Her father gave her a kiss on the forehead, before releasing her and standing up, dusting off his clothes. "I'm taking a ferry to Sojourn. Meeting up with some old friends."
Aria frowned, "Baba you just got home. And even there, you almost got killed. Can you not stick around just a little bit?"
Her father smiled at her. "Not those kinds of friends. Not anymore. I'm thinking…since you're a disciple of the Monastery anyway…maybe I'll just retire. Spend my days with your mother. Take the occasional job for the Censorate, to keep myself busy, but. Really, what do we need the extra money for? Besides, I'm getting old. I've got enough put away now not to have to worry about that sort of thing. I wanna enjoy my retirement now."
"It's a hell of a job to cap it off with too, isn't it? Viktor Rostov, master thief, steals an elixir from House Lance, as a birthday gift for his daughter. Yeah. All downhill from there. I think I'm gonna quit while I'm ahead. Take a nice, cozy retirement, so I have lots of time to cheer you on from the sidelines."
Her father called up the elevator. "Take care of yourself, Kiddo. And be kind. To yourself, and to the people you know you oughta be kind to. Anything less is gonna get you hurt."
Aria just lay there, for a while, after he was gone. Just looking up at the cloudy sky. Thinking.
Eventually she stood up. It came easier now. Not easy, not by a long shot, but. She was getting used to being so much weaker. Used to being a sick human, before she was an earth-shattering immortal cultivator.

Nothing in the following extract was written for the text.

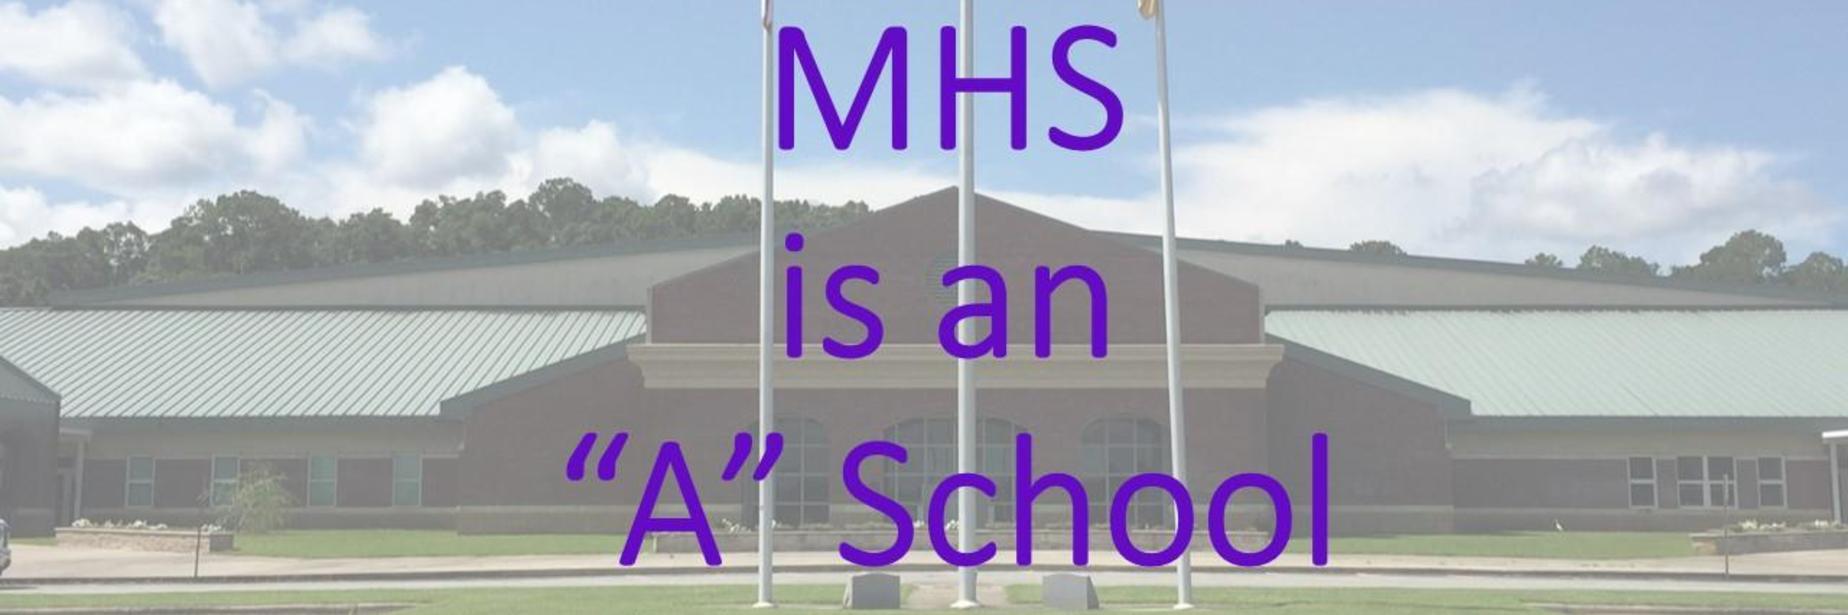 mhs is an a school

She went to the edge of the rooftop, and leaned on the railing, looking out over Arbour Sound. Seeing the lighters rushing around on the water's surface, seeing the early morning freighters make their landings as barges took their places ready for offloading.

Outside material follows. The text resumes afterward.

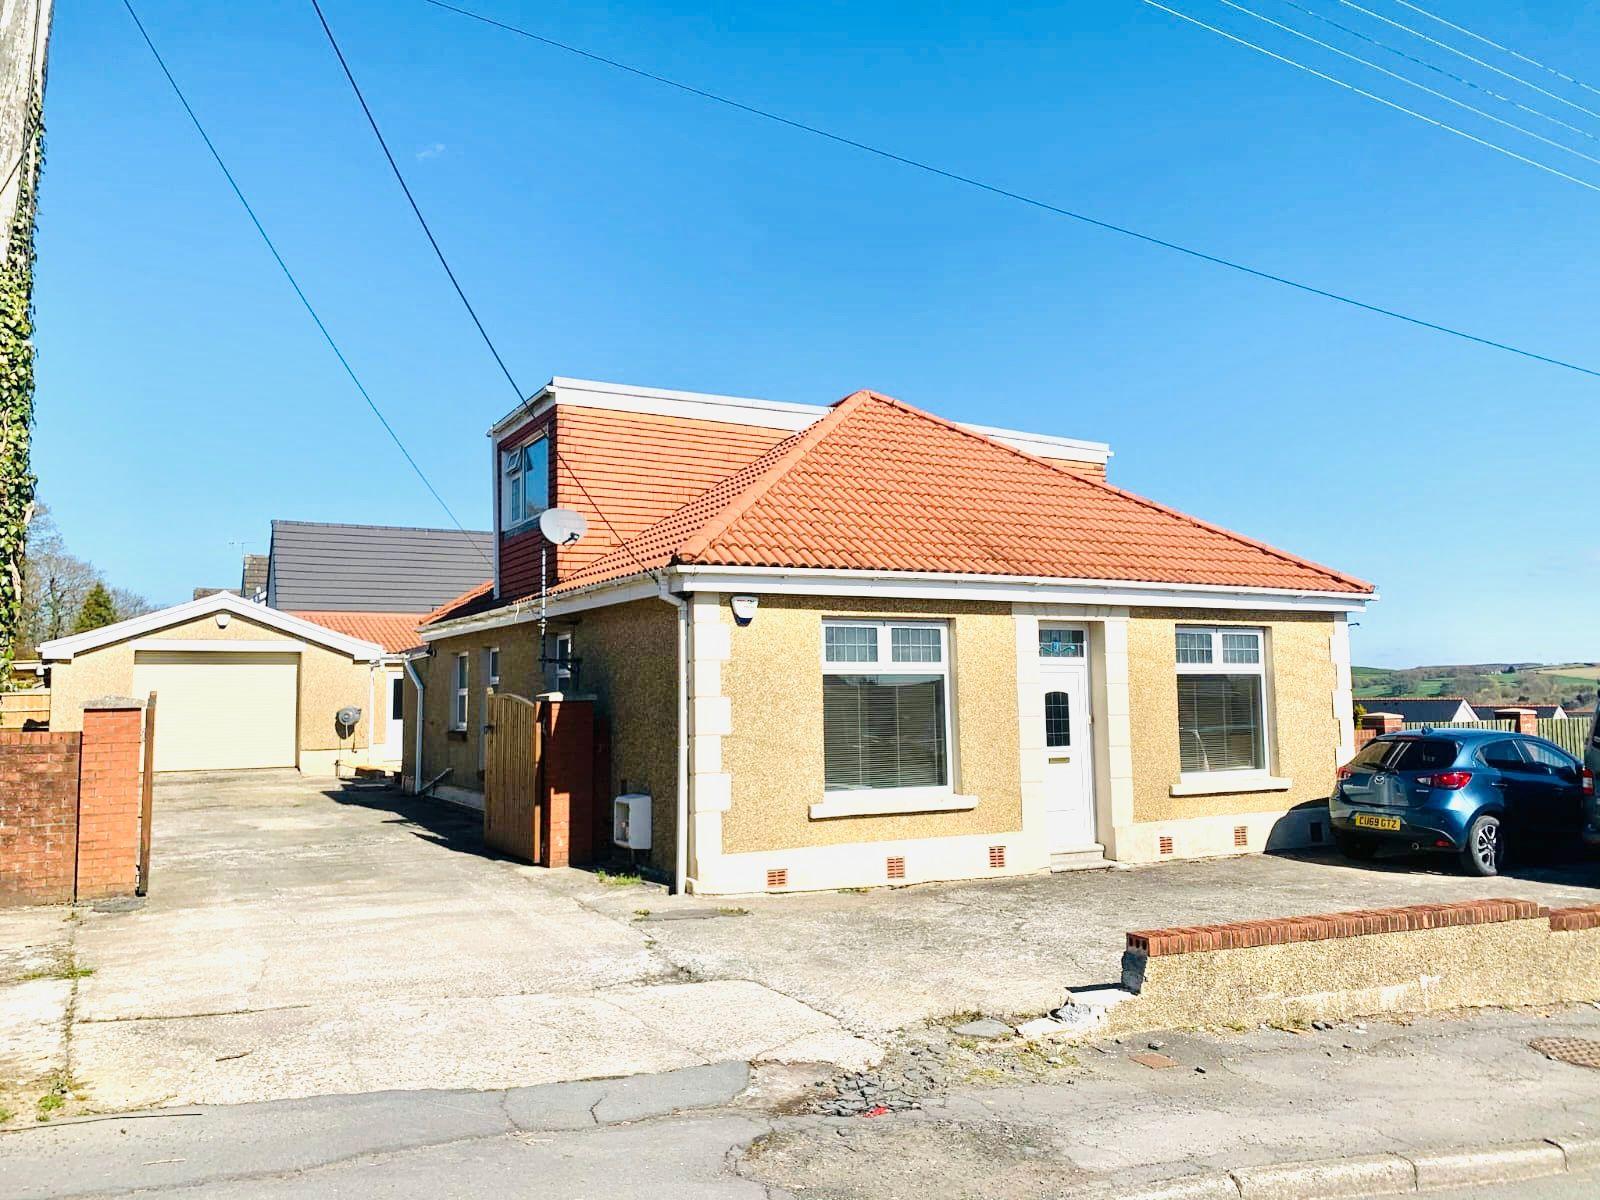 Property photo 1 of 25.

She looked down at the city. Her Presence was still faltering, so she couldn't quite reach down and feel every heart beating below her, but…she didn't need to. She could see them. See all the lives being led down there. There were work crews, today, fixing the pavement that had been wrecked by the fighting yesterday. By evening, it would be as though nothing had ever happened.
So many people lead their lives right below her. So many lives that could've ended from a single uncaring hiss of the Viper. There were families, running around today, eating, drinking, making merry, making plans for what they would do the coming week, or month, or this time next year.

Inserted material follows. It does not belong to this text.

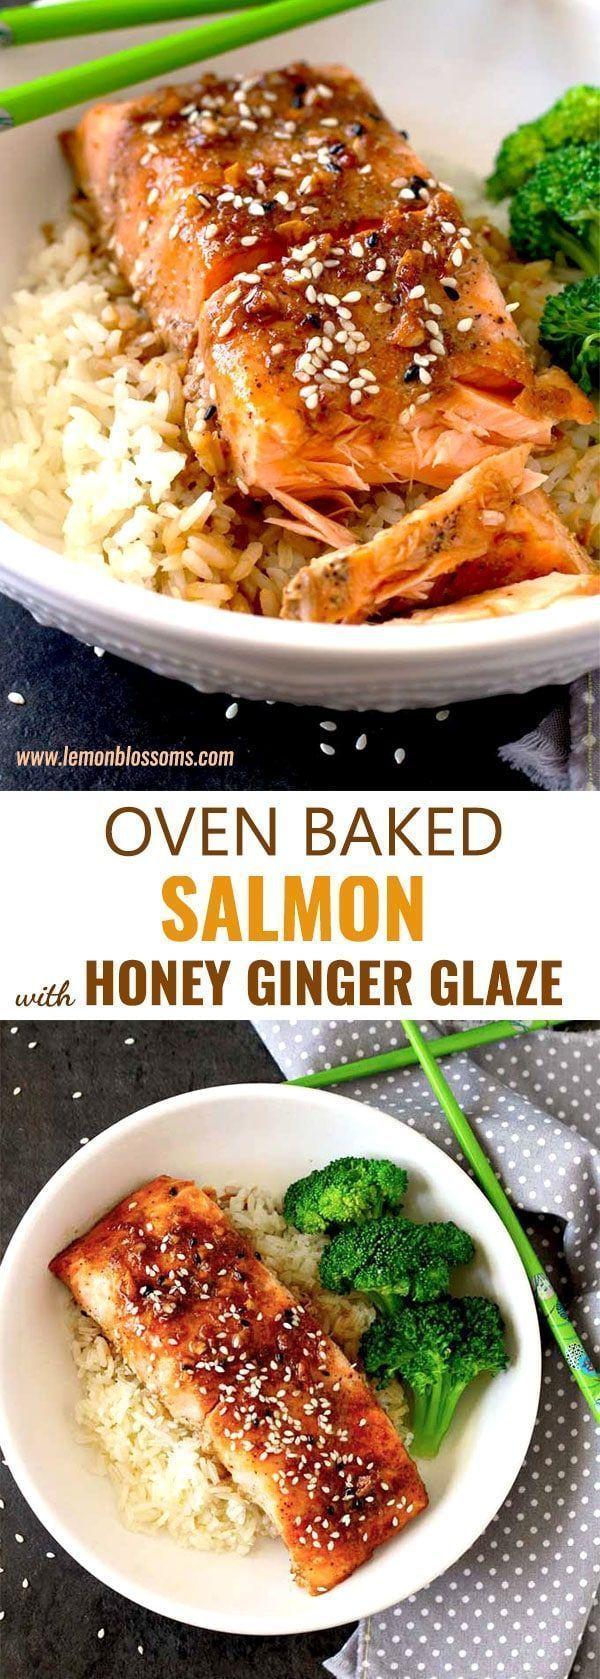 Oven Baked Salmon with Honey Ginger Glaze

Families that hadn't been torn apart, because they lived beneath her, of all people.
How much stronger than her was Laylah Volkova? How many families lived below her? How many blazes had been put out by that rain, and how many floods had come from that river raging over its banks? How kind or cruel had she been, for those to whom she owed nothing? Where did she draw her own lines? Where did Aria draw hers? And what right did she have to scold someone else for theirs, when hers evidently didn't preclude thoughtlessly taking a life?
Aria looked back out over the sound, seeing the ferries coming and going, and sighed.
Retirement.
For a mortal, it was easy enough to tell where their path ended.
Where would it end for her? Unaging, growing, always getting stronger, always more and more lives finding themselves in the shadow of the Falcon's wings…where would her path end? Would she know when it was time, when her Body could no longer tell her?
She tried not to think too hard about where Mwangi's path had ended. In the path of a relativistic tungsten ferrite slug, put there by someone he regarded as an infant.
Had he known that was where his path would end? Almost certainly not.
She had a thought. It was audacious, but then, that had served her well so far.
"There is no end to an immortal's path. There is only the next mystery."
Something resonated within her. It felt…right. She had no clue what it meant, but she held on to the thought as she headed back downstairs.